This treats the topic in a more rigorous way; mathematically extending the 2-player ELO logic to the N-player scenario.

 

What I found most interesting is that the final equations wind up yielding the same results as that currently in use, with one important caveat: the "divide-by-3" correction should actually be "divide-by-6".  

 

Upon closer consideration, dividing by 6 makes sense.  The ELO algorithm is meant to not only adjust ratings in the right direction, but also by the "optimal" magnitude.   If the adjustments are too small, it may require players to play dozens, or even hundreds, of games before an accurate measure  of their skill level is established.  But if they are too large, the rating pool becomes chaotic, with estimates jumping haphazardly from one game to the next.  So the math behind 2-player ELO is designed to take a new piece of information (result of a single game) and make the most optimal adjustment to underlying ratings (estimates of players' skill levels), both in direction and in magnitude. 

 

When chess.com decided to use ELO for 4-player tracking, treating the 4-player game as 6 different individual 2-player games, they wind up getting the right "direction" of adjustment for each of the 4 players' ratings.   However, the net adjustment (total "churn" in underlying pool of results) is equivalent to a situation where 6 new games have been played.  Before the "divide-by-3" correction was added, an 1800-rated player having a single bad game against 3 1200 players was being treated as equivalent to an 1800-rated chess player losing 6 consecutive games to a single 1200-rated player (despite having played just one game).  The "divide-by-3" correction definitely helped (now, an 1800 player having a bad game is "only" being treated as two consecutive bad games).  But this really needs to be tweaked further to "divide-by-6".

 

I'm working to build a simulation, similar to that in Skeftomilos's link, that I can use to compare the accuracy of the pure-ELO (with "divide-by-6" correction) methodology to the proposed simplification in that link (i.e. comparing each player to the ratings of the player finishing immediately above and below them).  However, as a rule of thumb: all else being equal, statistical methods that make use of the most available information (here, using the ratings of all 3 competitors vs ratings of just 1 or two competitors) tend to perform better.  Information-reduction techniques should only be considered when the more information-dense methods are untenable (or when the filtered-out information, on average, is definitively independent of the estimated value - almost definitely not the case here).

 

I should note two other things:

1) Based on the opening post, I've verified that chess.com is applying ELO using a "K-factor" of 32.  At least, that is the K-factor used in their example.  It's important to note that ELO is intended to be used with a K-factor that decreases over time... the more games a player has played, the closer their current rating probably is to their "true" skill level; thus, the less impact each new game should have on their overall rating.  Most standard chess organizations start new players with K-factors in the 30-40 range, but reduce that to 10-20 for players who've established a long history of play.  It may or may not be the case that chess.com is already applying this "declining-K-factor" method, but if they are not, I'd strongly recommend doing so.

 

2) Even if ELO (with divide-by-6) winds up being the best predictor in my upcoming simulations, I still think there's probably room for improvement.  Specifically, as many players have noted, the positioning of skilled/unskilled opponents can make a huge difference in any given game.  I'd much rather play opposite an 1800 player, while flanked by two 1500 players, than opposite a 1500 player and flanked by two 1800-rated players.  Furthermore, when one player massively out-ranks their 3 competitors, there is often a "gang-up-on-the-pro" effect; putting the strong player in a signficantly disadvantaged position overall (and treating the game as a normal 1200-1200-1200-1800 matchup decomes highly dubious).
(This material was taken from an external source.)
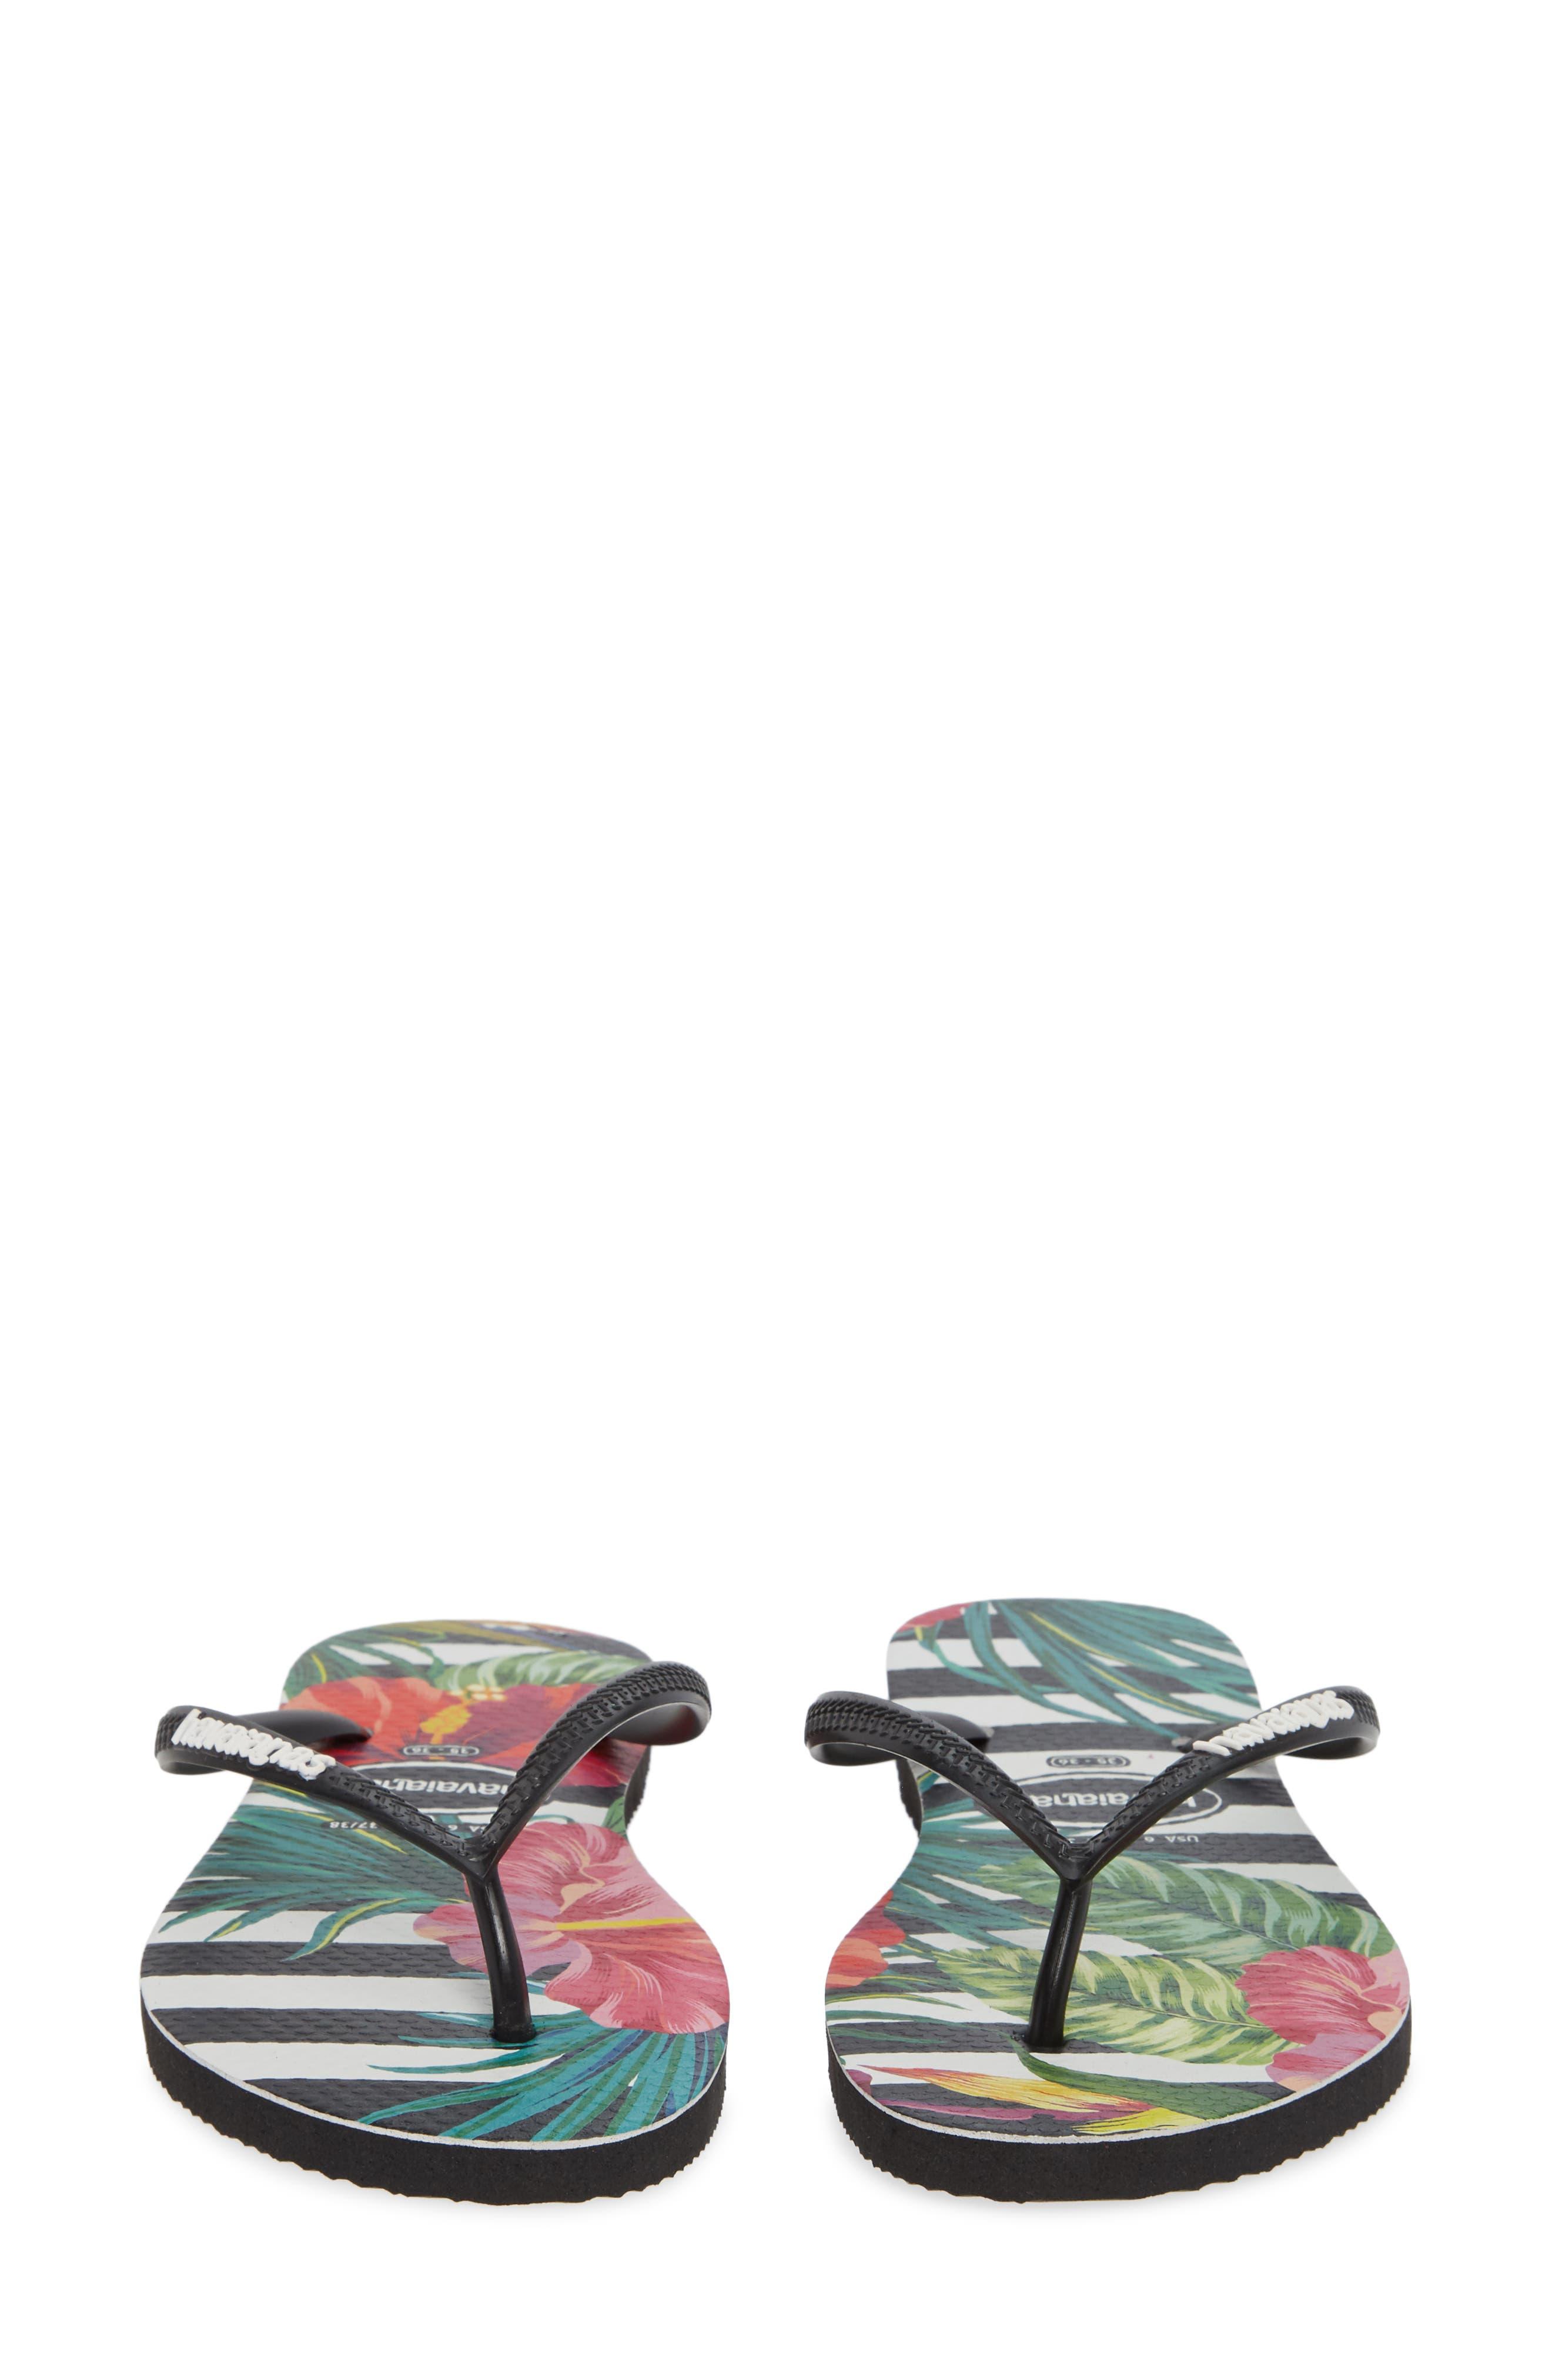 HAVAIANAS, Slim Tropical Floral Flip Flop, Alternate thumbnail 5, color, BLACK/ WHITE
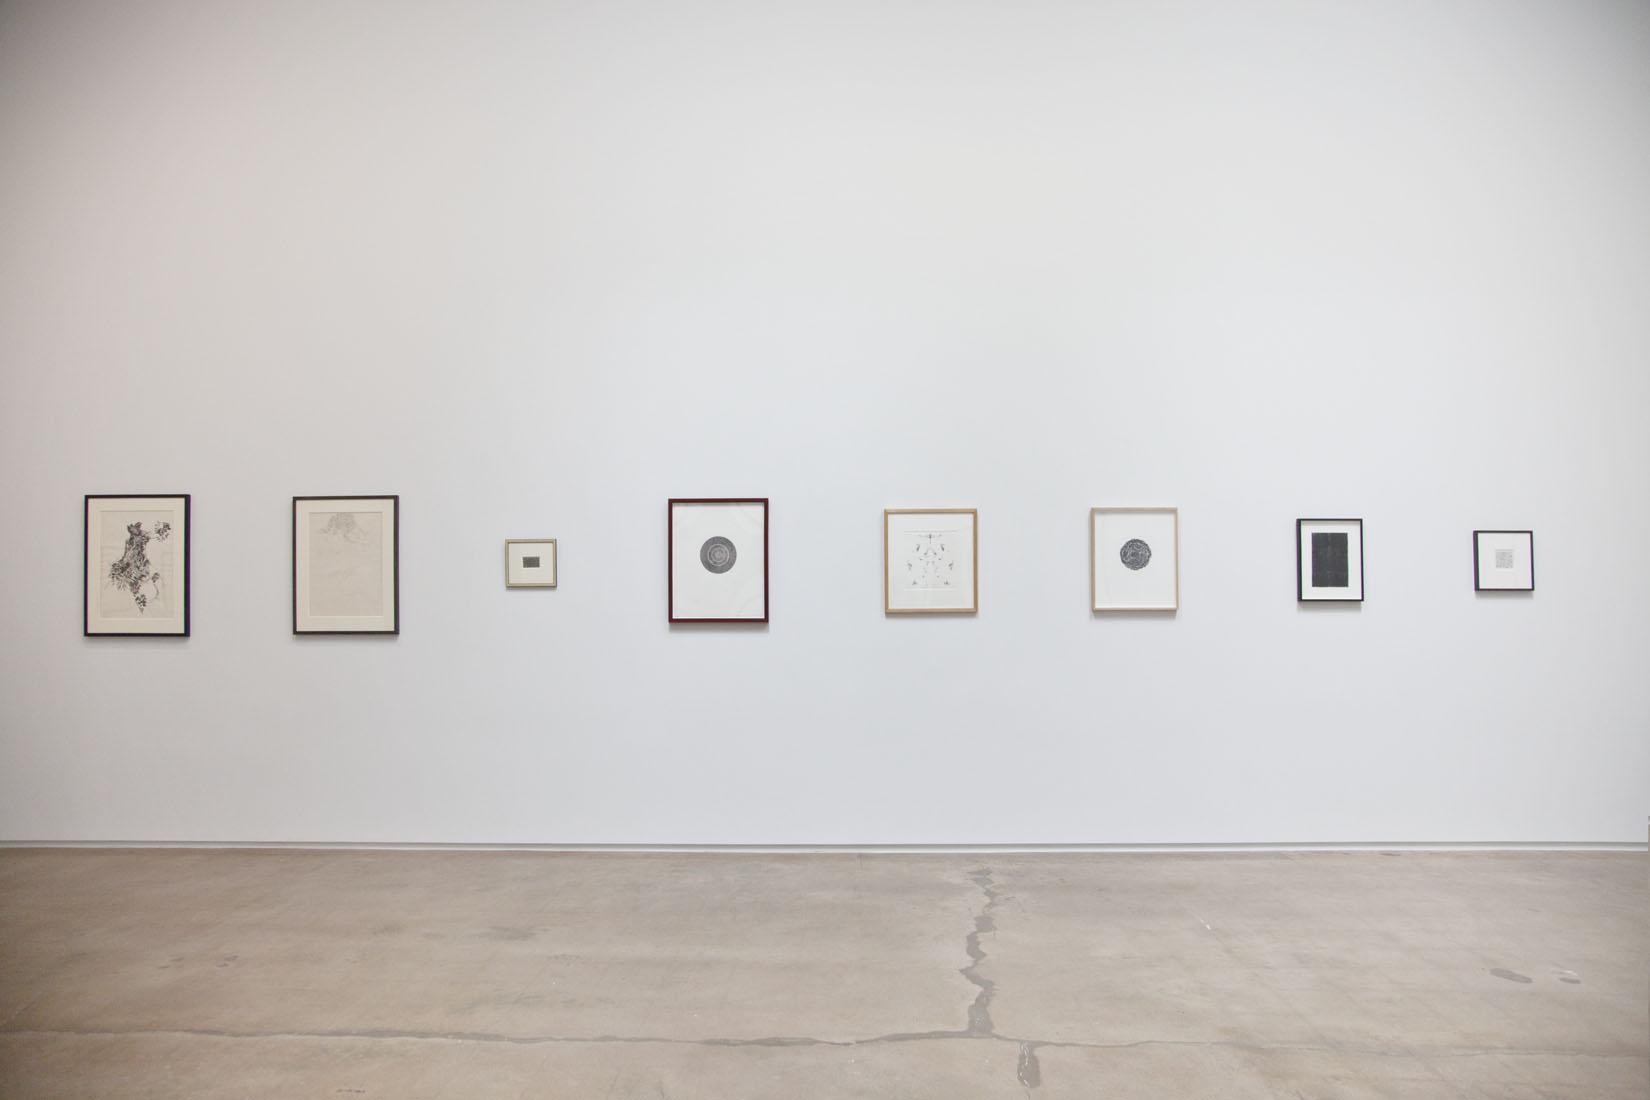 Bruce Conner: CROSSROADS & Works on Paper, November 8 - December 20, 2014

If these patterns (and any others that might be pointed out) can be incorporated into my simulator, I may be able to explore various modifications to the ELO algorithm which take them into account.  

 

TL/DR: Chess.com really needs to modify current algorithm to divide final adjustment by 6, not 3.  Other methods may also improve ratings; further research underway.

kevinkirkpat

One final note: Player's current ratings have been reached by problematic implementations.  Assuming the "divide-by-6" fix is incorporated in the near future, I would also recommend a "temporarily-elevated K-factor", perhaps as high as 40 or 50, for the first 5 (or so) games every player plays under the fixed system.  This would help ensure that errors in current ratings are corrected more rapidly at first; and that players who had errantly-established ratings (either much too high or much too low) are more bluntly adjusted to conform to the more accurate system.

Martin0

There will eventually be a switch to glicko instead of elo, like all other ratings on chess.com. That change will improve these k-factor changes to change your rating less when your rating is more accurate and also change less when your opponents rating is less accurate. You can read more here.

 

@kevinkirkpat, there are some errors to your logic with "divide-by-6". It's true that each game is calculated 6 times (red vs blue, red vs yellow, red vs green, blue vs yellow, blue vs green, yellow vs green), but dividing by 3 makes sense since each player is only in the calculation 3 times (once against each opponent). 

 

kevinkirkpat wrote:

Before the "divide-by-3" correction was added, an 1800-rated player having a single bad game against 3 1200 players was being treated as equivalent to an 1800-rated chess player losing 6 consecutive games to a single 1200-rated player (despite having played just one game).  The "divide-by-3" correction definitely helped (now, an 1800 player having a bad game is "only" being treated as two consecutive bad games).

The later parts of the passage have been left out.